Against the backdrop of third-party agencies Accord and Alliance, which have been overseeing factory remediation work in the country for the last 5 years, on their way out, the Government has reportedly decided to take the onus on itself to ensure a safe, secure and compliant apparel manufacturing sector. After the departure of Accord and Alliance, which is likely to happen by December this year, a Remediation Coordination Cell (RCC), overseen by the state, will carry forward the work initiated by the buyers’ bodies.
Following the Rana Plaza building collapse in April 2013 that killed more than 1,100 – mostly garment workers, a total of 3,780 garment factories were reportedly assessed for structural compliance under the three separate initiatives — European retailers’ platform Accord, North American buyers’ platform Alliance, and the Government-led and ILO-supported national initiative.
The efforts put in by the buyers’ bodies towards remediating the apparel sector have been appreciated. There’s no denying that Accord and Alliance did create quite some flutter in the industry amidst allegations that manufacturers were forced to make costly remediation work under pressure, which at times weren’t within the parameters of necessity and rather amounted to un-rational and needless, feel many.
Now that Accord and Alliance are departing, the country with the promise of replicating the Bangladesh model of remediation (which the agencies feel has been very successful) in other manufacturing destinations, Apparel Resources spoke to some industry stakeholders to understand their take on the issue, and the way forward.

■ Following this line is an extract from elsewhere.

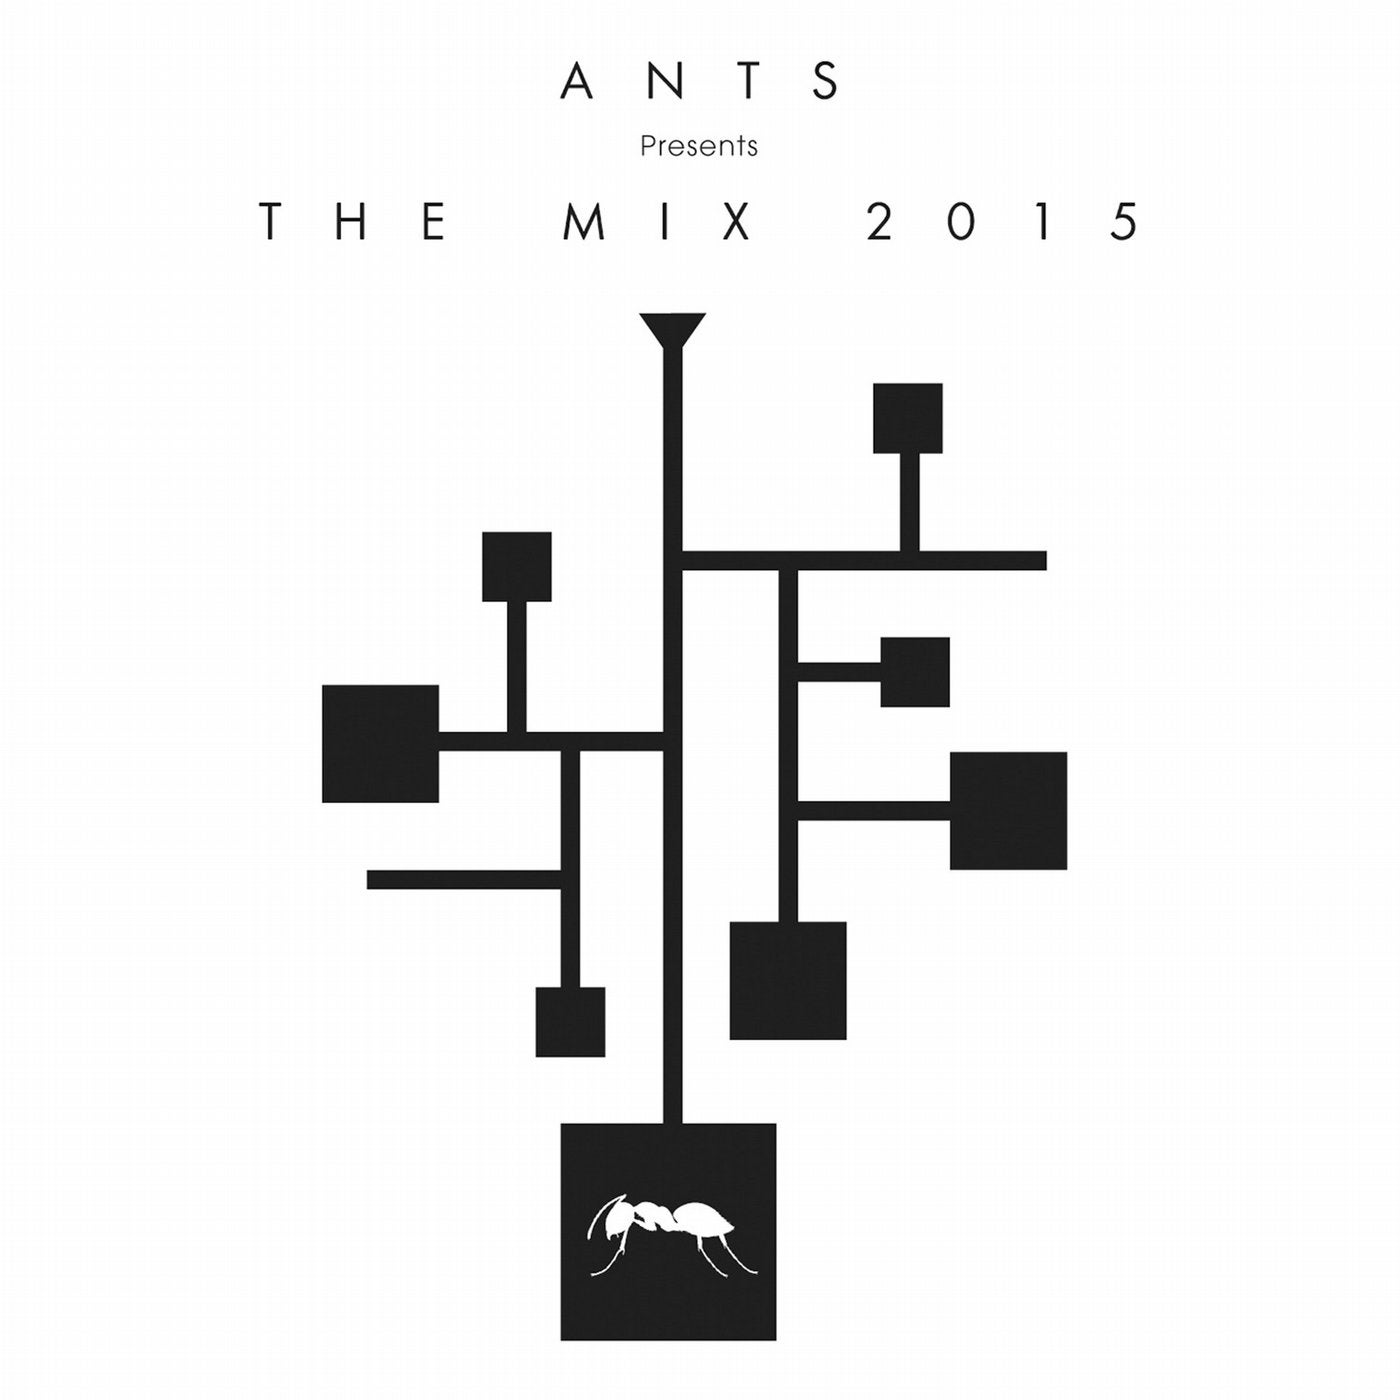 ANTS presents The Mix 2015

“These days, the industry is more than aware of workplace safety, thanks to counselling and strong buyers’ demands. Alliance has no more activity in Bangladesh and Accord will be here for a few more months. If still some work is left, it will be done jointly by the Government and the BGMEA. Besides, independent inspection team will be formed with ILO, Ministry of Labour & Employment, BGMEA, and NGOs. Ministry of Labour & Employment will provide the fund required for the same. Bangladesh has already achieved very good workplace environment through team work, positive attitude, and huge investments. If some factories still lack in achieving those goals, they will also be able to overcome, I am sure,” said a confident Mir Gulzar-A-Alam, CEO of Western Fashion Tex & Sourcing while Brig. Gen. (Retd.) Aftab Uddin Ahmed, CEO of the Centre of Excellence of BGMEA maintained, “I don’t think the exit of the buyers’ bodies would have any business implications as such for the industry. First of all, in the last few years, Bangladesh has achieved the goals towards safer workplace. Besides, the buyers’ bodies would hand over the charge to another entity.”
The manufacturers too shared their views rather forthrightly. “Accord and Alliance have different ways of working and for the same cause, so there is a conflict of interest. The biggest issue that we have been facing is the lack of standardised compliance codes. There are different entities and each has its own standards and specifications, so factories need a standardised policy that would be same for all the platforms. From a personal viewpoint, the changes that have been brought about by Accord and Alliance, especially in the aftermath of Rana Plaza incident, I feel, was very much needed. Now that there are talks of the buyers’ bodies planning to leave the country, I have my doubts if the Government-initiated monitoring system, that would take over from Accord and Alliance, would be able work as efficiently and fluidly as they did,” observed Mainuddin Ahmed, Director-Anowara Group.
“All the buyers have certain standards in terms of safety and security that has to be maintained by the supplier factories. Buyers’ bodies like Accord and Alliance just added to that list of dos and don’ts. The brands/retailers are well aware of what new guidelines have been imposed by these buyers’ platforms and all they need to do to check and confirm if a factory is abiding by the same is do an audit, which again all the buyers carry out before placing any order. Today, all the big buyers have their own audit teams while others do the audits through third party,” says Imranur Rahman, Managing Director-Bando Designs Ltd. Syed Naved Husain, Group Director & CEO-Beximco Limited maintained, “Accord and Alliance ought to have common codes. What I feel is that, the Government needs to have its own set of codes and regulations when it comes to remediation and workplace safety, and to be honest, our Government has done a wonderful job in the direction of making the industry a safer place. At this moment, a lot of investment has gone in towards compliance which is in keeping with the business practices of the current time. From buyers to retailers to end users, all are aware of the compliance requirements and one cannot run a business successfully if one is not compliant. Given the present circumstances, I don’t think one needs to have an Accord or Alliance to impose things on factories, as manufacturers on their own are aware of the need of importance of compliance to make business sustainable.”